Access Control List in C# and .NET Framework

Access Control Lists used by Operating System to restrict access to files, folders, registry, printers, services, and other resource. We need to know ACL for several reasons. First of all, we need to know how to protect files, folder and etc… with ACLs from within our code and second of all we need to know how to allow certain access to files and folders if we require access for our application but default permission is restricting us from access these resources.

Discretionary access control list (DACL) is a mechanism that is utilized by OS in order to allow or restrict access by the users or groups to certain resources such as files and folders. In general, DACL is controlled by the owner of the object. User access to object are is controlled with the help of Access Control Entries (ACE).

Permissions are inherited for the most of the part.

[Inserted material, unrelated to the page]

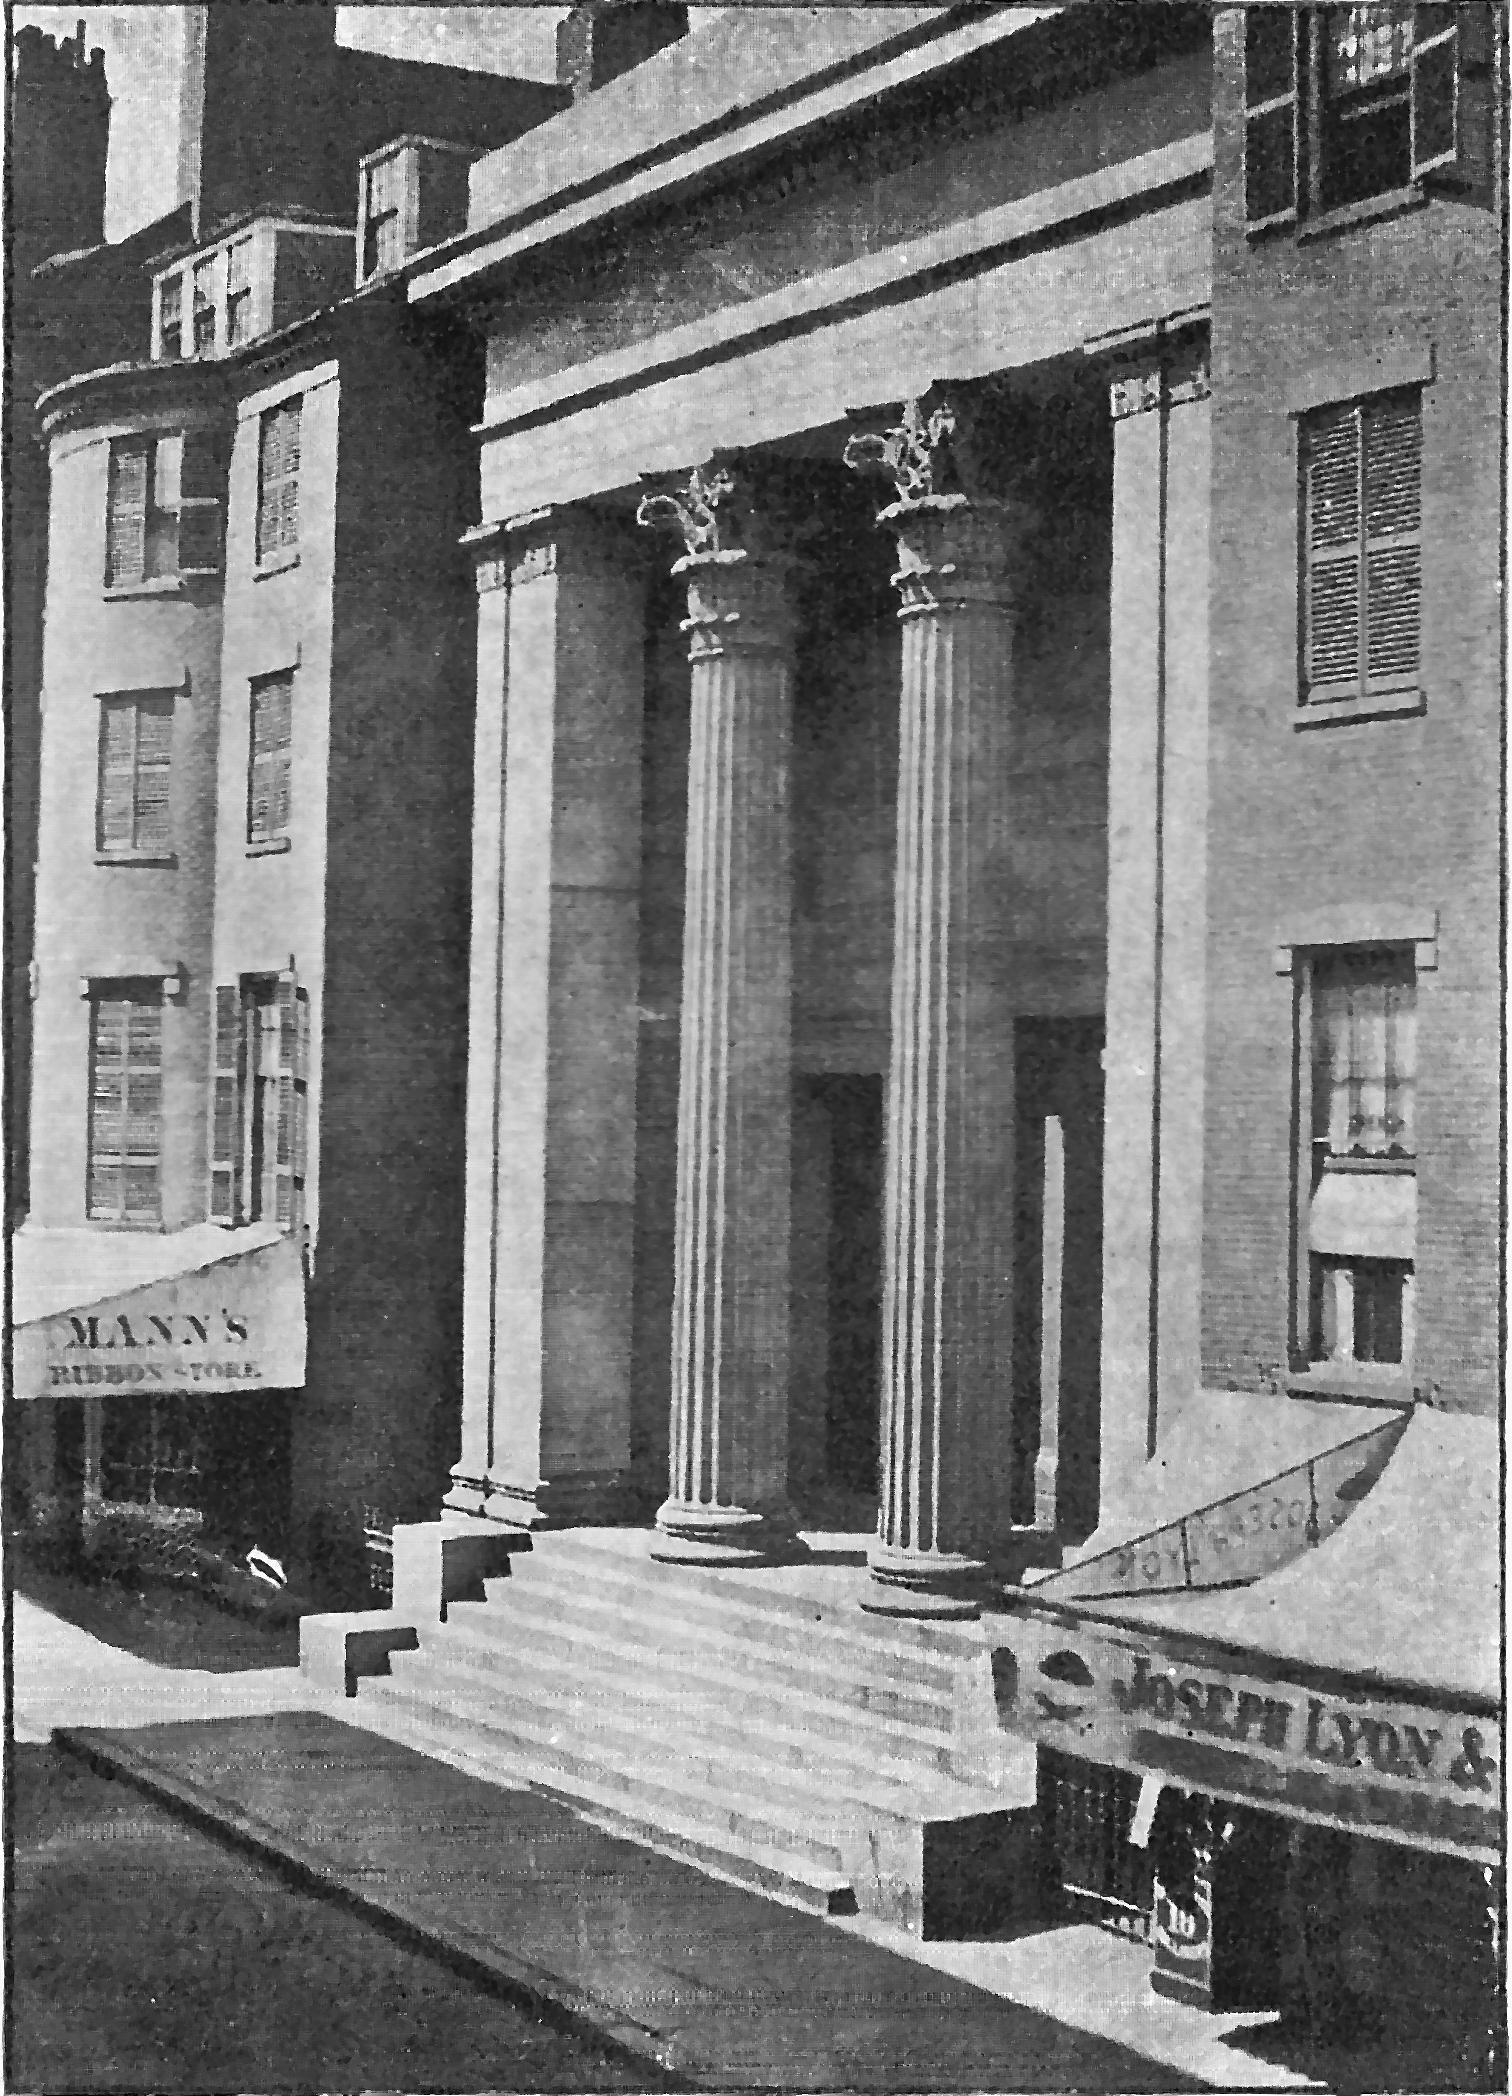 Winter Street 1842

For instance, if we create subfolder, this subfolder will inherit permissions set for its parent folder same applies for registry key and other objects.

.NET Framework allows us to use FileSystemRights enumeration to specify file and folder permissions.

 

FileSystemRights MemberDescription
FullControl All permissions
Modify All folders permissions
ReadAndExecute View files and run applications
ListDirectory Browse a folder
Read View a file or a folder
Write Create files in a directory
Other members Standard permissions

Security access control list (SACL) is an audit mechanism that tracks what files or folders were accessed and how they were accessed. SACL can do only one thing which is logging access information. This capability is good for intrusion detection for example.

If we want to work with ACL by viewing them or configuring, we need to use System.Security.AccessControl namespace. We can use classes of this name space to access ACL, SACL, and DACL for file, folder, registry key and etc…

Three ACL classes are important to know. They are:

  • <Type>Security - used for retrival of collections of DACL and SACL as well as adding and removing ACLs.
  • <Type>AccessRule – set of access rights for users or group of users.
  • <Type>AuditRule - set of access rights that we want to audited for a user or group.
We can analyze ACL like that:

DirectorySecurity ds = new DirectorySecurity(@"C:\Program Files", AccessControlSections.Access);
AuthorizationRuleCollection arc = ds.GetAccessRules(true, true, typeof(NTAccount));
foreach (FileSystemAccessRule ar in arc)
    Console.WriteLine(ar.IdentityReference + ": " + ar.AccessControlType + " " + ar.FileSystemRights);

We can configure ACL like that:

string dir = @"C:\test";
DirectorySecurity ds = Directory.GetAccessControl(dir);
ds.AddAccessRule(new FileSystemAccessRule("Guest", FileSystemRights.Read, AccessControlType.Allow));
Directory.SetAccessControl(dir, ds);

To remove an access rule we use AddAccessRule with RemoveAccessRule.

We can also set access rule using SetAccessRuleProtection(true, true) if we need to protect ourselves from inheriting local securyt and setting the one we are coping from.